Another obfuscation is the shift of the discussion from present problems to an imagined and dramatically different Japan of the future. Western media have spread much misinformation encouraging the belief that major changes are imminent, especially since the spring of 1989. The effects of the Recruit scandal, the result of the Upper House elections and the decline of the Tokyo stock market have been seized on as small watersheds in postwar Japanese history. The LDP and two prime ministers tainted by scandals were supposedly held to account by the public, Japanese women were supposedly beginning to play a more prominent political role and the consumers were supposedly "fed up." None of this was accurate. None of these developments has had a lasting effect on the way Japan is governed or does business. The undoubted changes taking place in Japanese society do not include the lifting of the political control over economic processes that the United States has been seeking.

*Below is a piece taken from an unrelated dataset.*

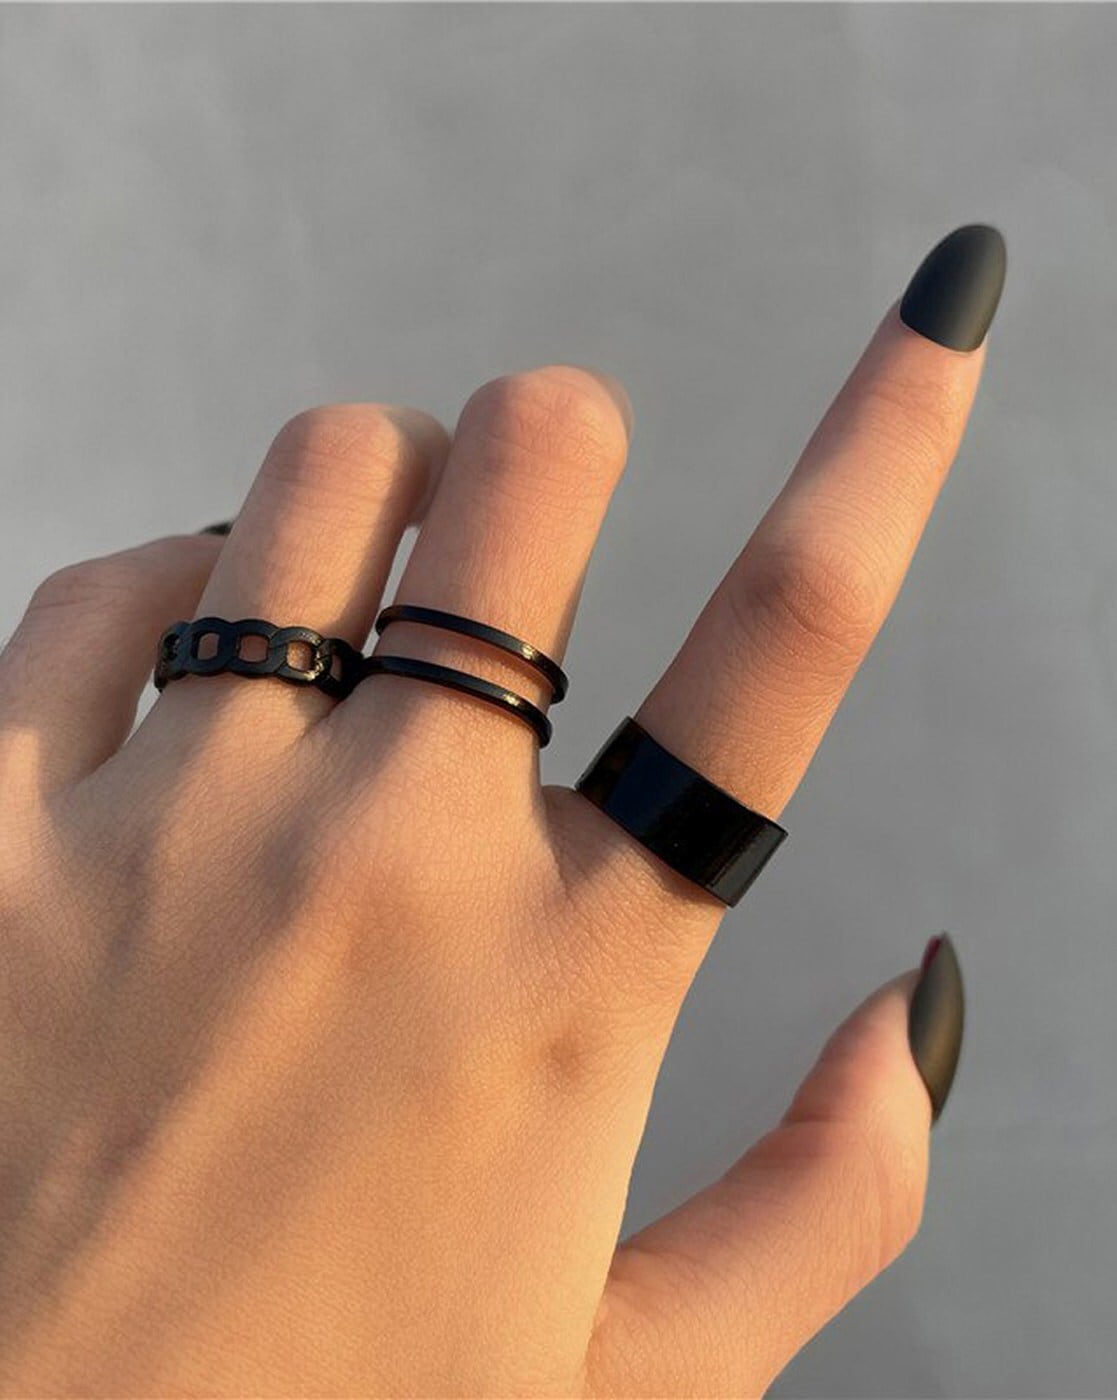 Crescent Moon Ring, Black Tourmaline Ring, Sterling Silver Ring for Women,  Celestial Witch Jewelry, Teardrop Ring, Statement Boho Jewelry - Etsy

Japan's bureaucrats generally endorse conclusions about structural change, especially concerning their own supposed gradual loss of control, because it matches their claims that Japan is adjusting to become a more responsible trading partner. They are not necessarily disingenuous about this; many believe that such changes do take place in areas other than those they know personally. The bureaucrats in the Ministry of Foreign Affairs see it as their duty to help preserve the status quo, which entails dissuading anyone from taking a fresh look at Japan. Representatives of Japanese government and business organizations react vehemently when such analysis is produced by foreign scholars and journalists, and engage in public campaigns to exorcise what is viewed exclusively in terms of a threat. This is understandable since the informal relationships on which they thrive cannot withstand scrutiny without losing their informality.

A Japanese public relations machine effectively amplifies what government agencies and the Keidanren want Americans to believe. Indeed these organizations derive support from many voices in the United States who wittingly or not relay their messages. No comparable American effort has gone into swaying Japanese opinion. The United States has from the outset believed that one could leave the formation of Japanese opinion to reasoned discourse among Japanese themselves. But there exists no sizable number of Japanese intellectuals, comparable to the Atlanticists in Europe, who genuinely believe in internationalist ideals and common purposes, other than the containment of communism. The few who do profess shared ideals in personal contacts with foreigners or in international forums still tend to conform to mainstream Japanese intellectual opinion in a domestic setting, so as not to be thought of as "un-Japanese."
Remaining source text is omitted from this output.